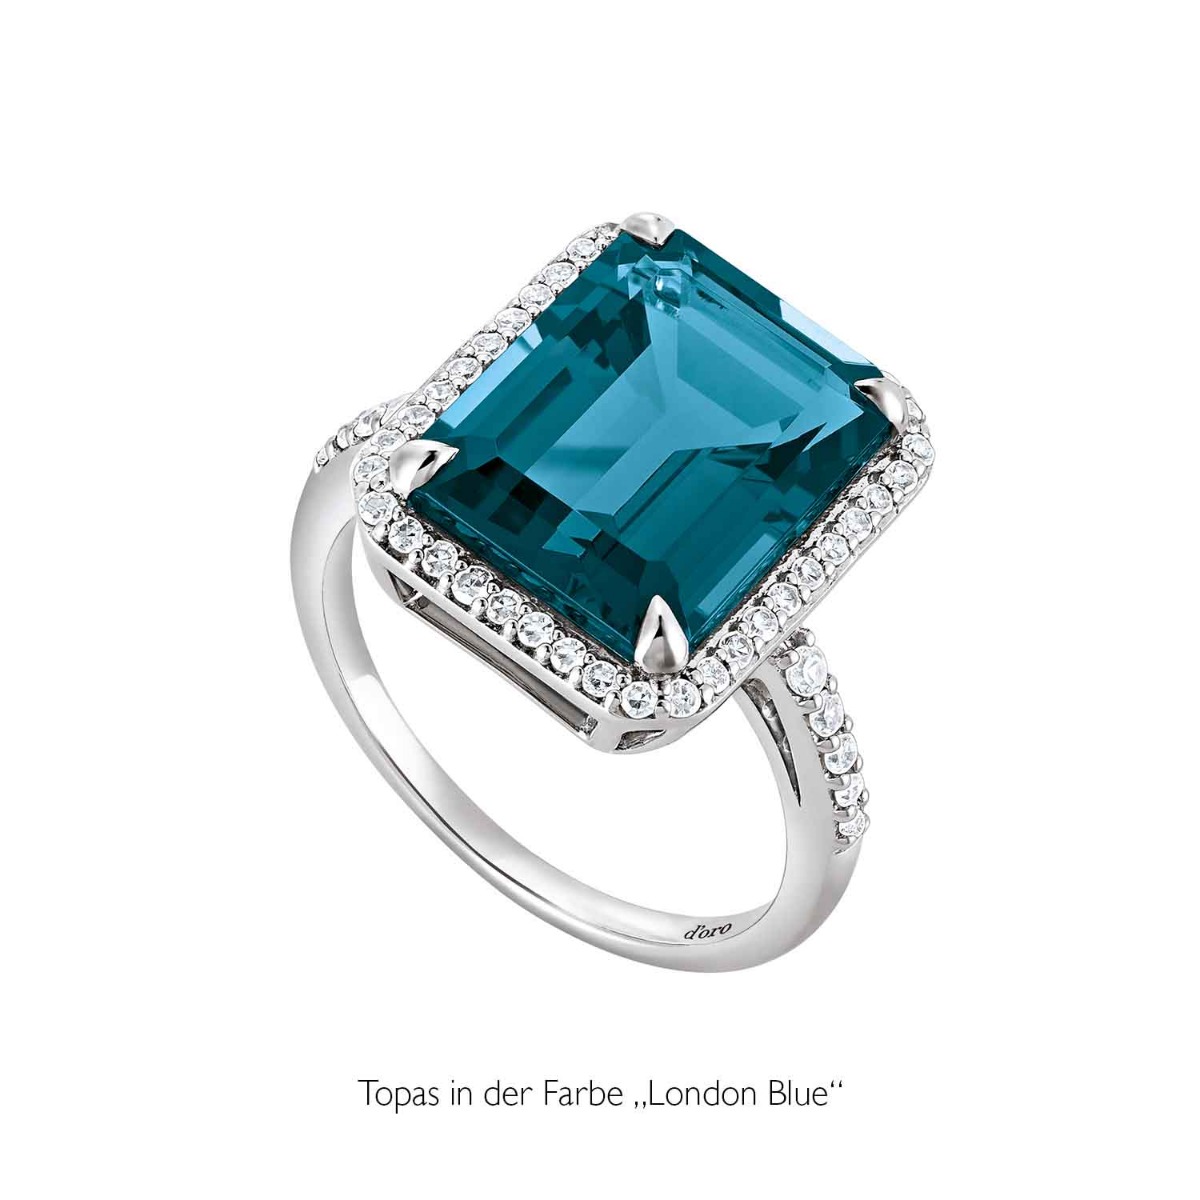 Ring mit Topas in der Farbe "London Blue"
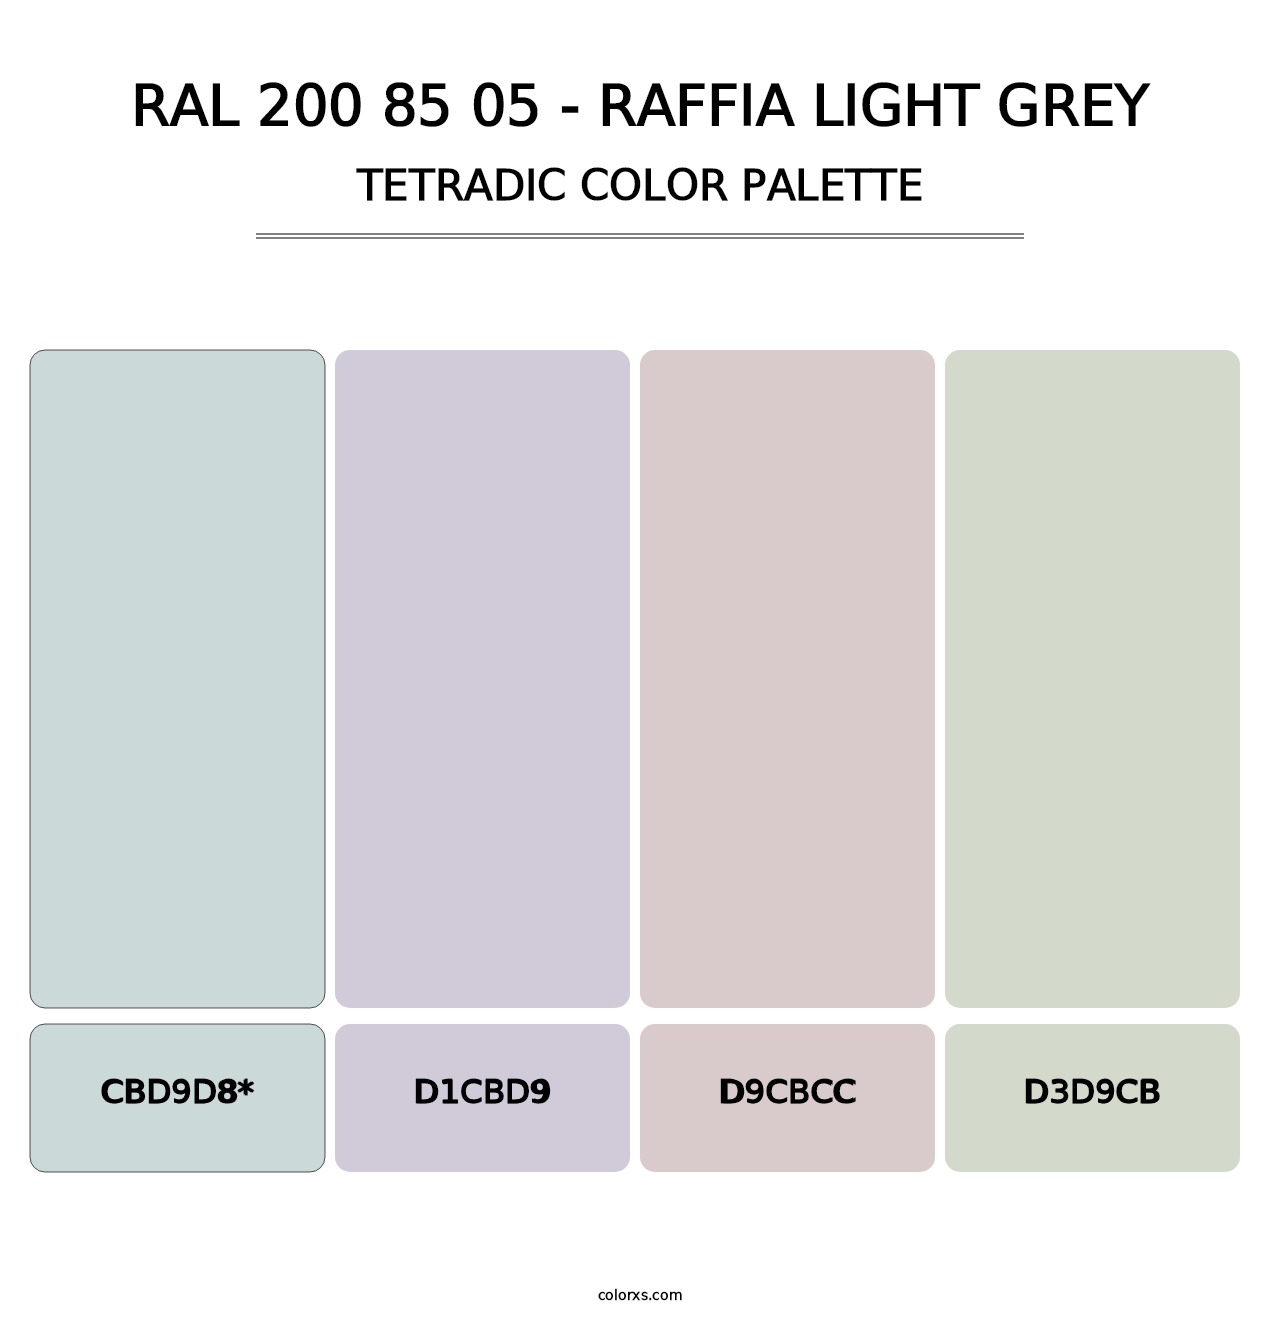 RAL 200 85 05 - Raffia Light Grey - Tetradic Color Palette
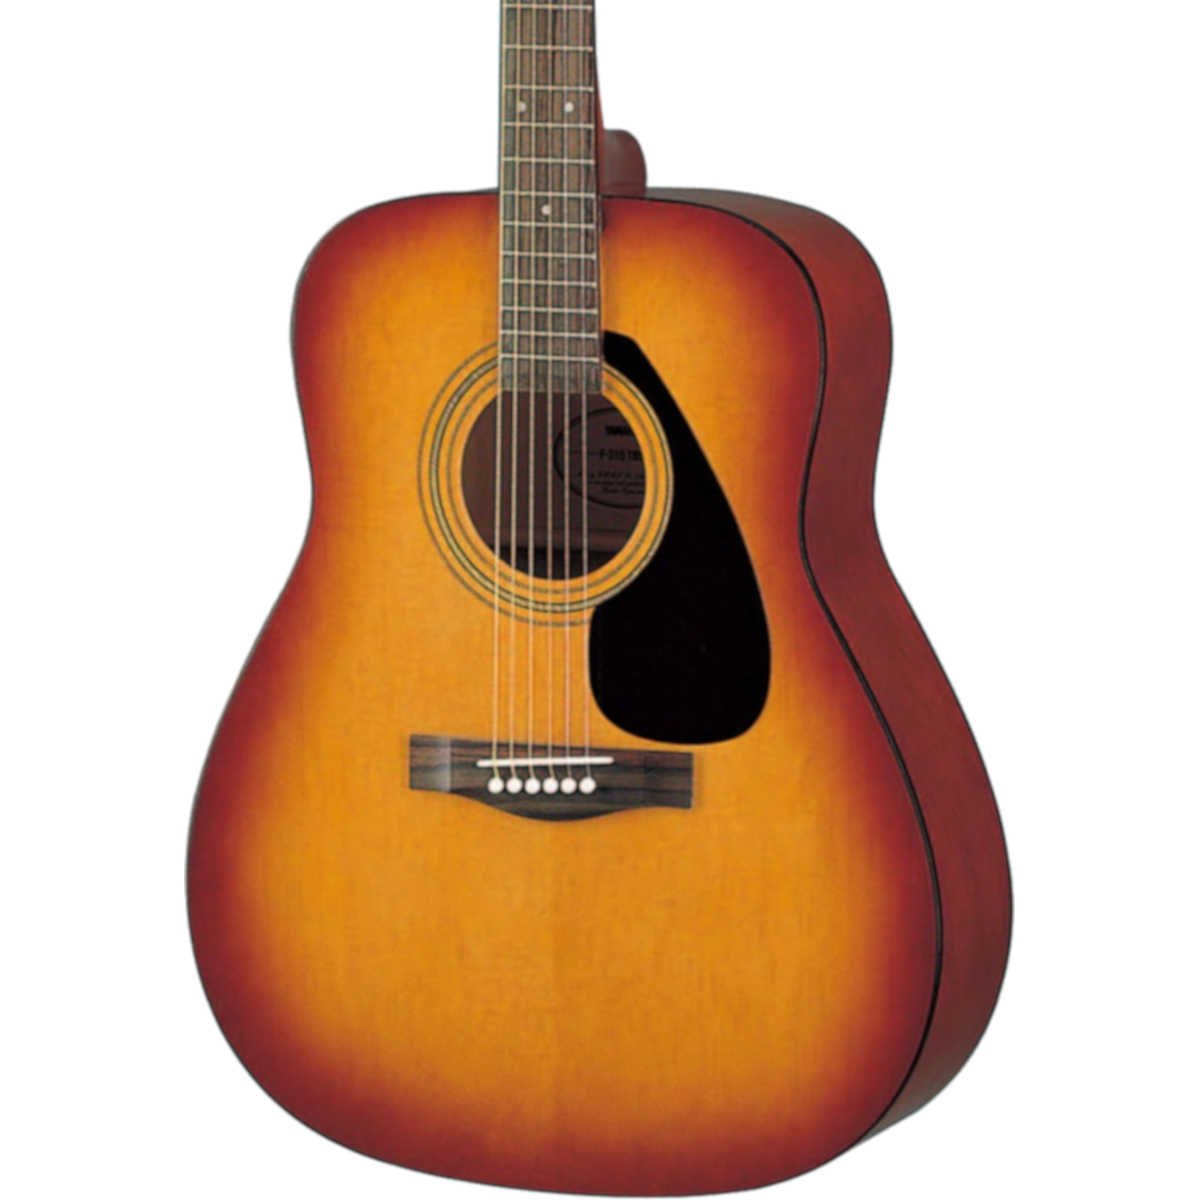 Yamaha F310P Folk Guitar - Tobacco Brown Sunburst - Western guitar
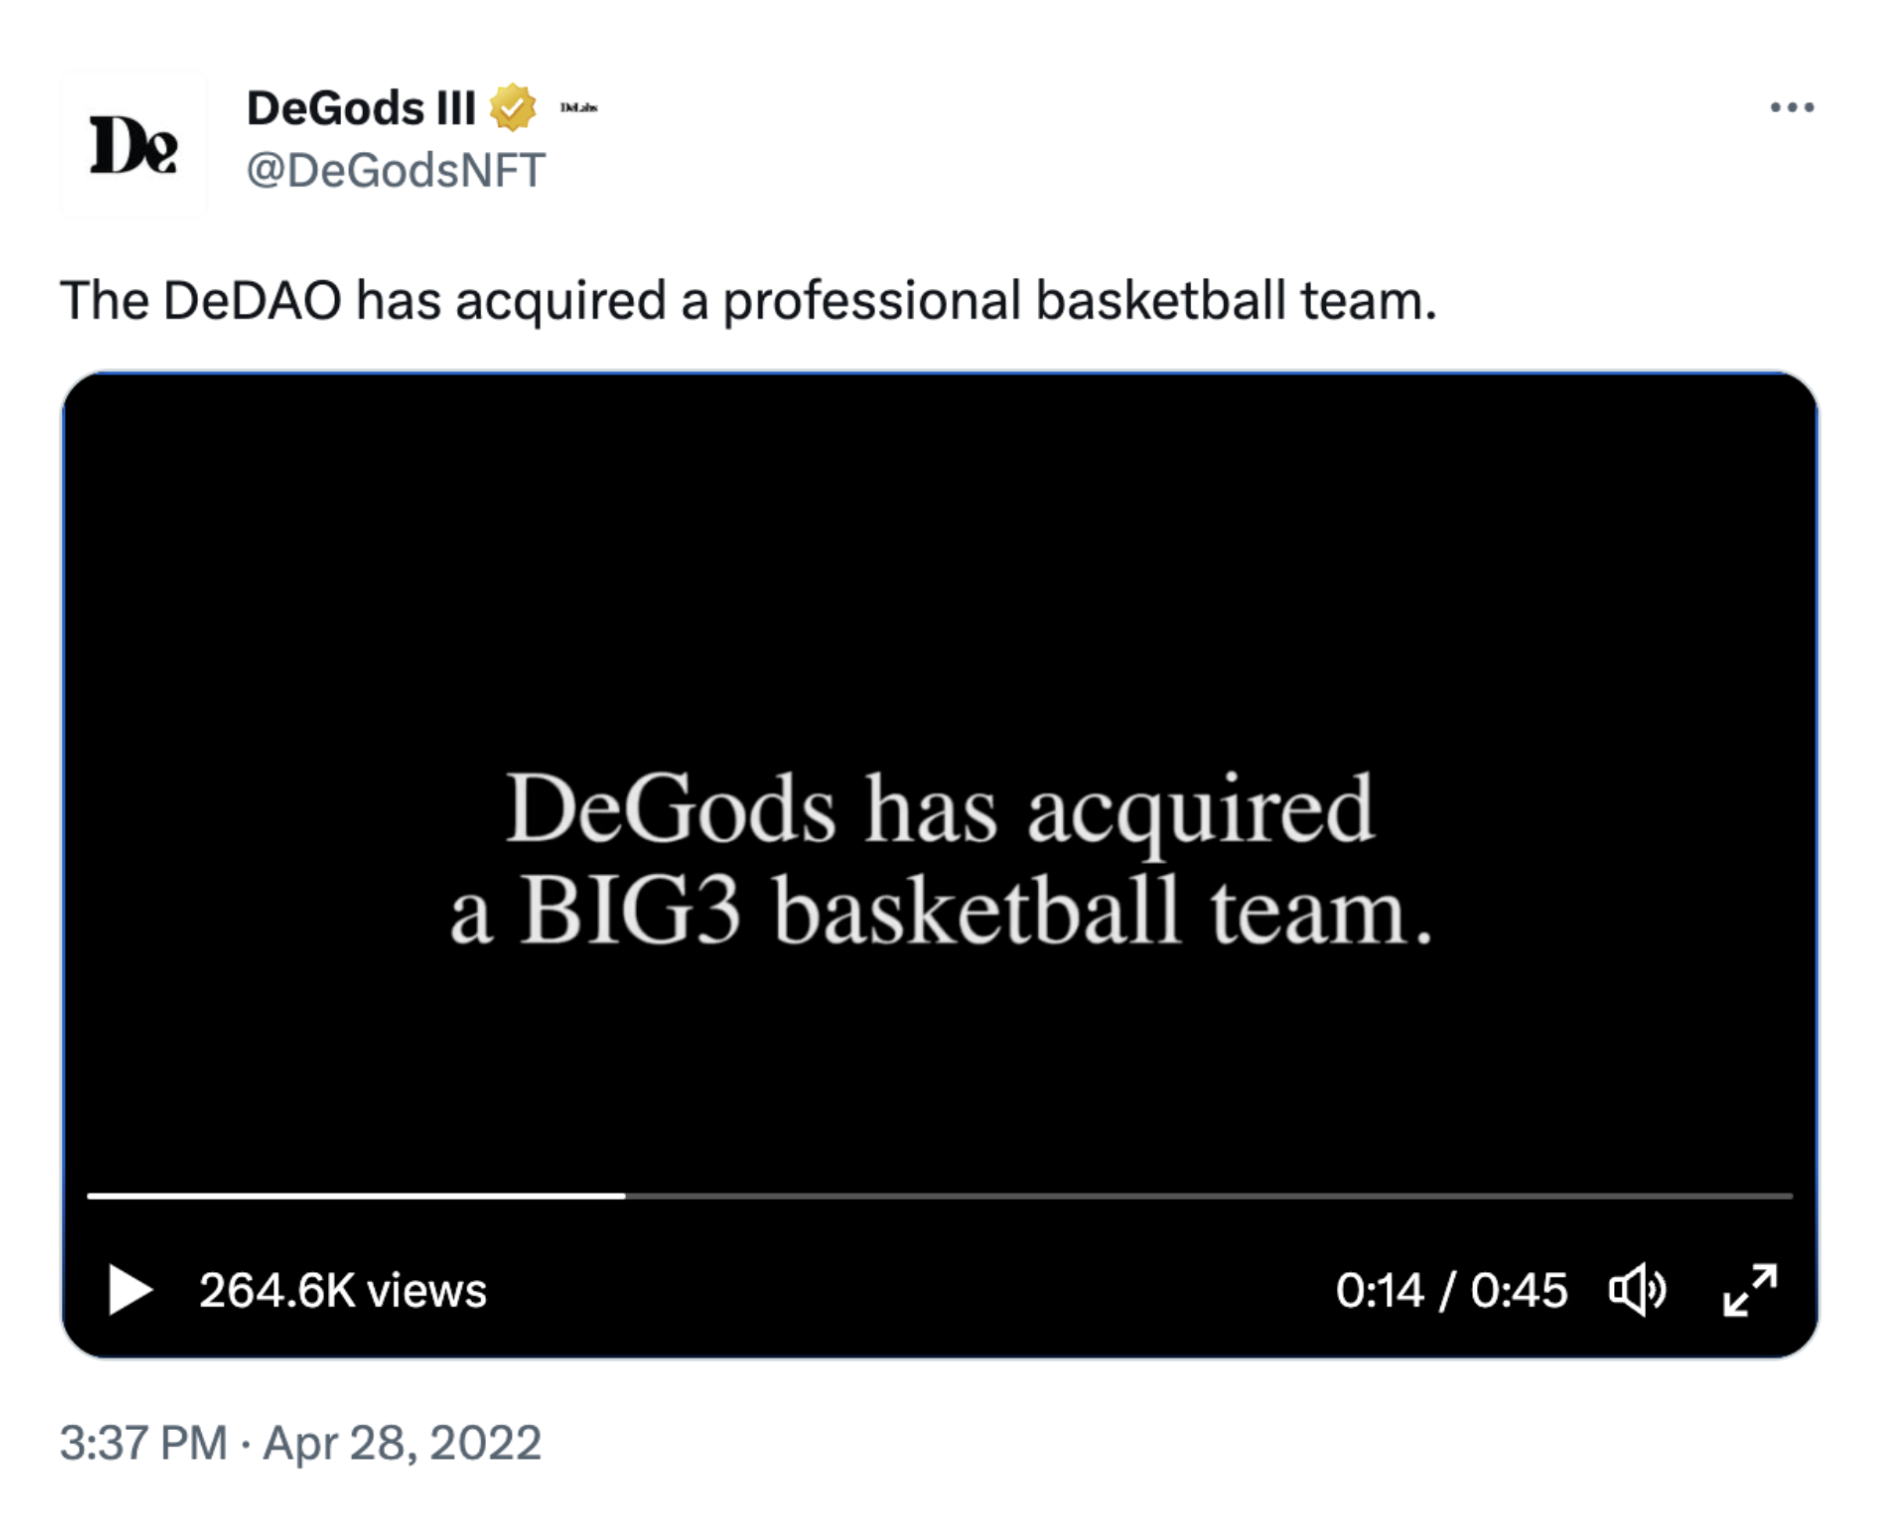 DeGods Acquires a Professional Basketball Team
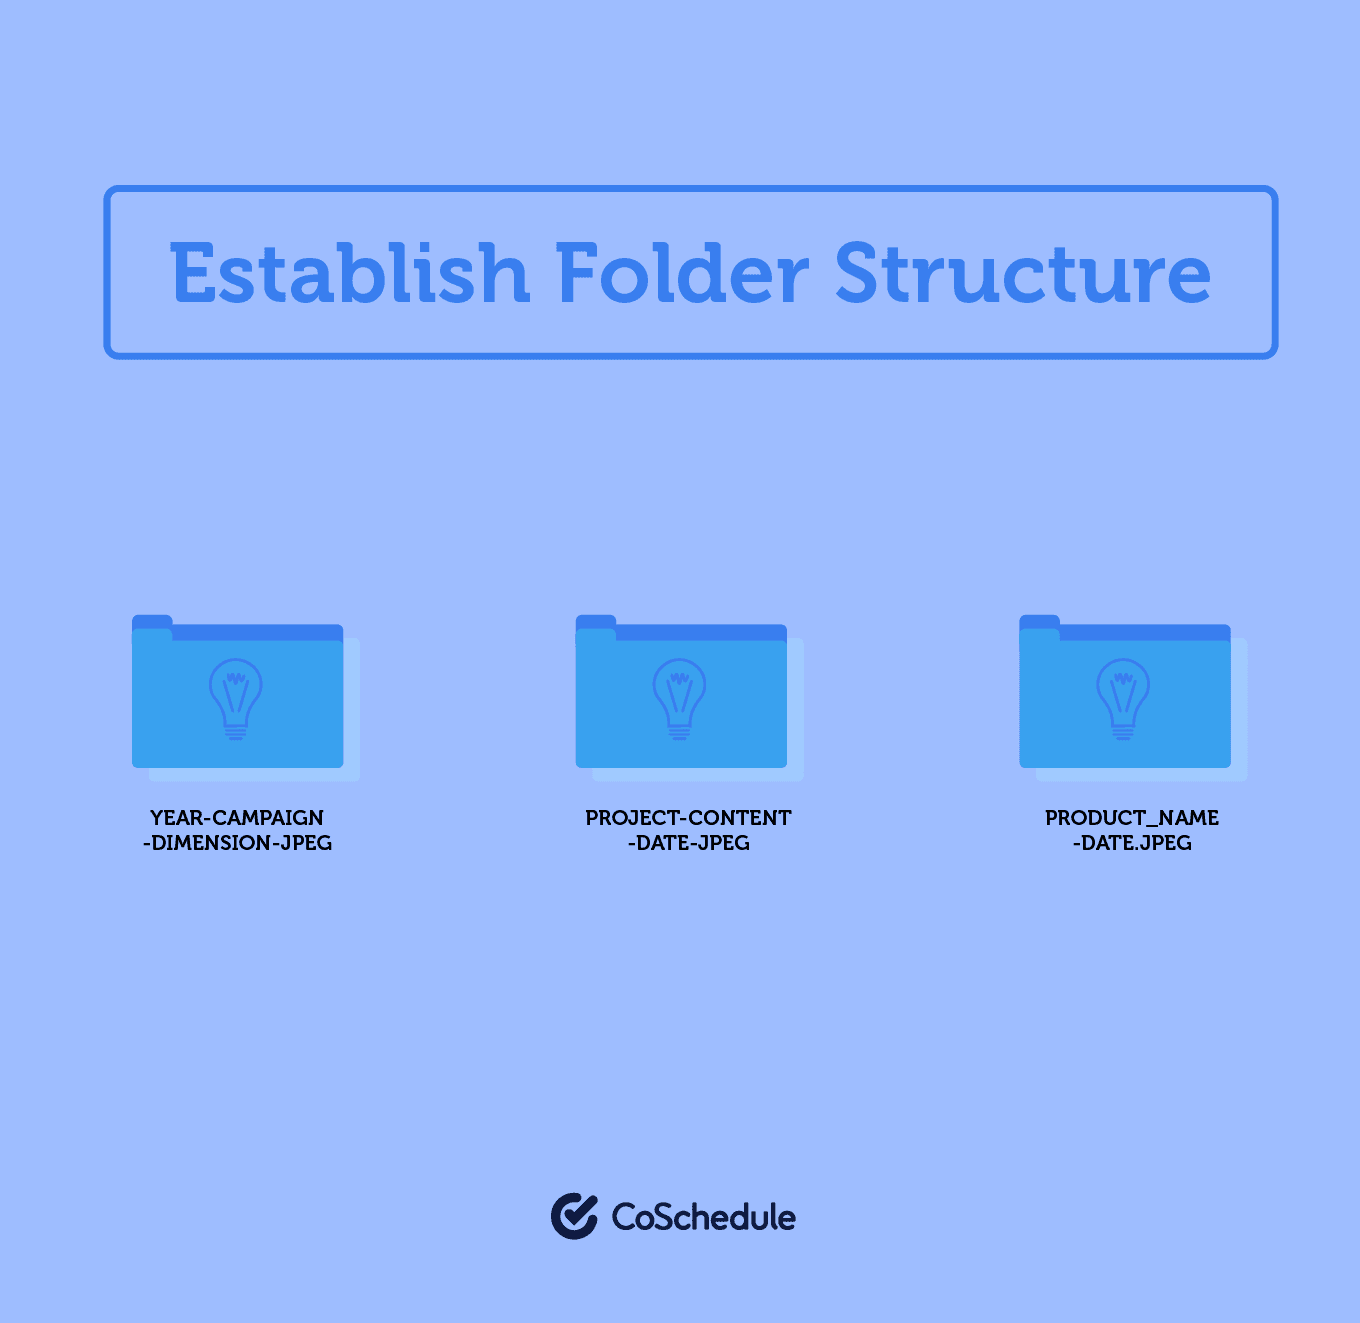 Establish folder structure header with three folders

********************

Please reproduce only the lines from the one holding "DeGods Acquires a" through the final line of the listing above, both included, with each picture left out.

**Exercise answer**
 DeGods Acquires a Professional Basketball Team
 Establish folder structure header with three folders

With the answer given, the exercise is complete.